A downloadable version of this lesson is available here:
Complex systems are all around us. Whether we are talking about economic, ecological, or social systems, they all are comprised of multiple components connected by interactions that vary in strength and direction. Viewed this way, network diagrams and the science of network analysis are very useful tools for understanding complex systems and how they function. Will more connections result in a system that is more stable overall, i.e., more likely to recover from some disruption? Will loss of one or more components from the system render it less robust overall, i.e., more likely to completely collapse? These are the types of questions that ecologists and social scientists have long asked about the respective systems they study. More recently, environmental scientists from many domains (ecology, hydrology, physical geographers, etc.) have joined forces with social scientists (sociologists, anthropologists, archeologists, etc.) to study linked human and natural systems, i.e., socio-environmental systems.

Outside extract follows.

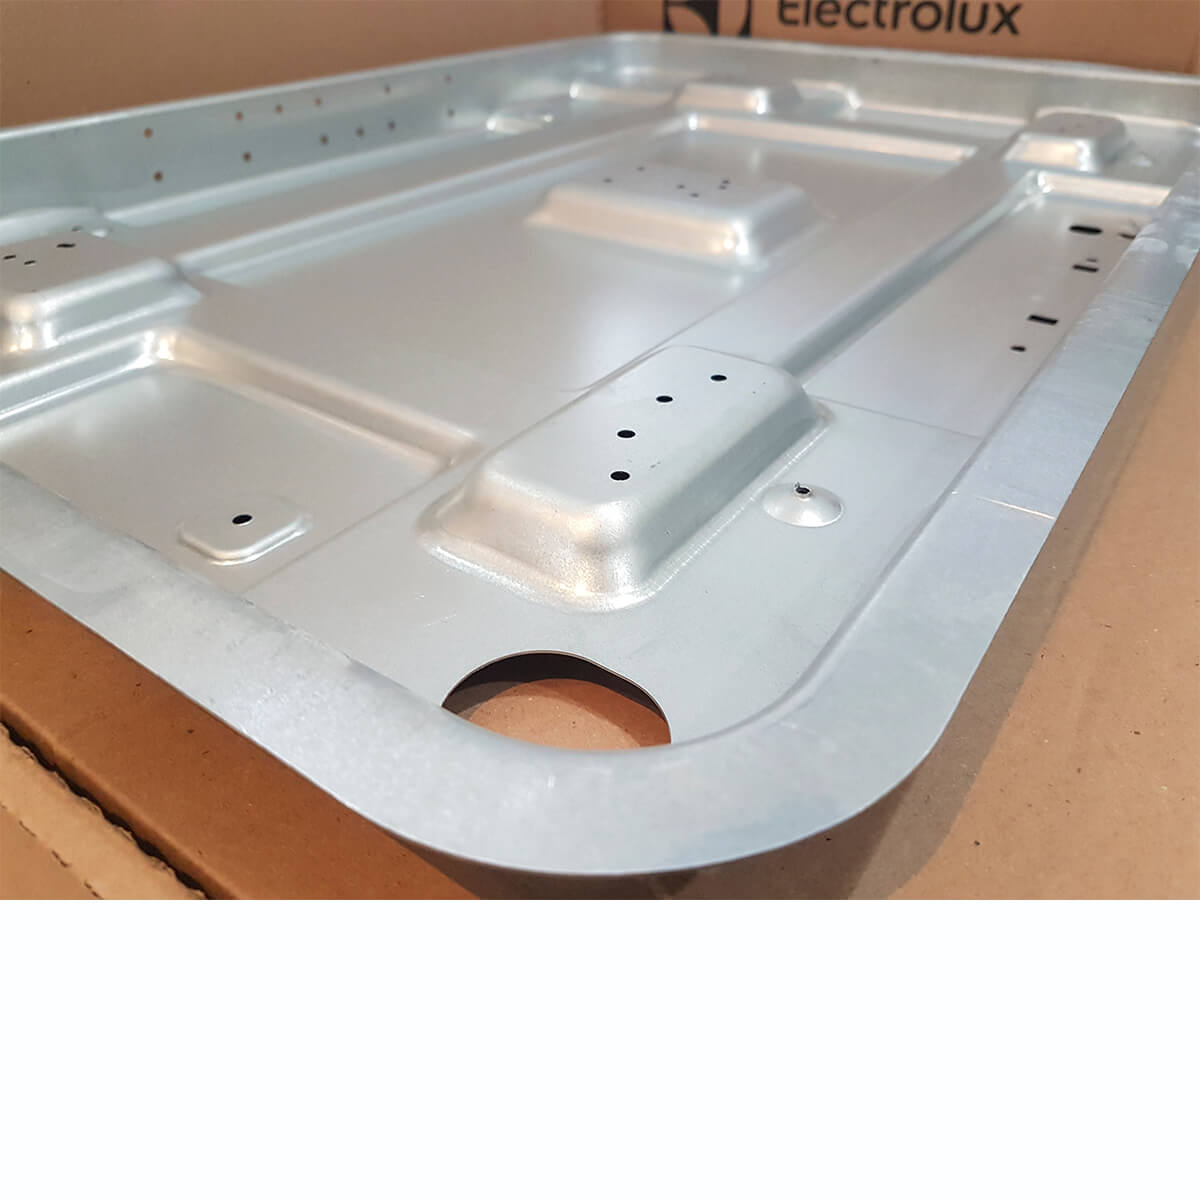 Base Cooktop Electrolux GC75V GC75P - 305574201

This lesson is the third in a three-part series on networks. In this lesson, we move beyond a focus on ecological relationships alone, as in Part 1, or simply on social relationships, as in Part 2, to introduce network concepts associated with fully coupled socio-environmental networks. This lesson covers some basics on network metrics, motifs, and multiplex networks and uses a study on illegal trafficking of wildlife species to illustrate why network analysis can be useful in managing natural resources.
- Understand some of the key terms used to describe socio-environmental networks and how measures of network structure (metrics) can be useful in their analysis.
- Understand multi-layer networks and how they can be used to describe socio-environmental systems.
- Practice interpreting and applying network structure to a real-world problem.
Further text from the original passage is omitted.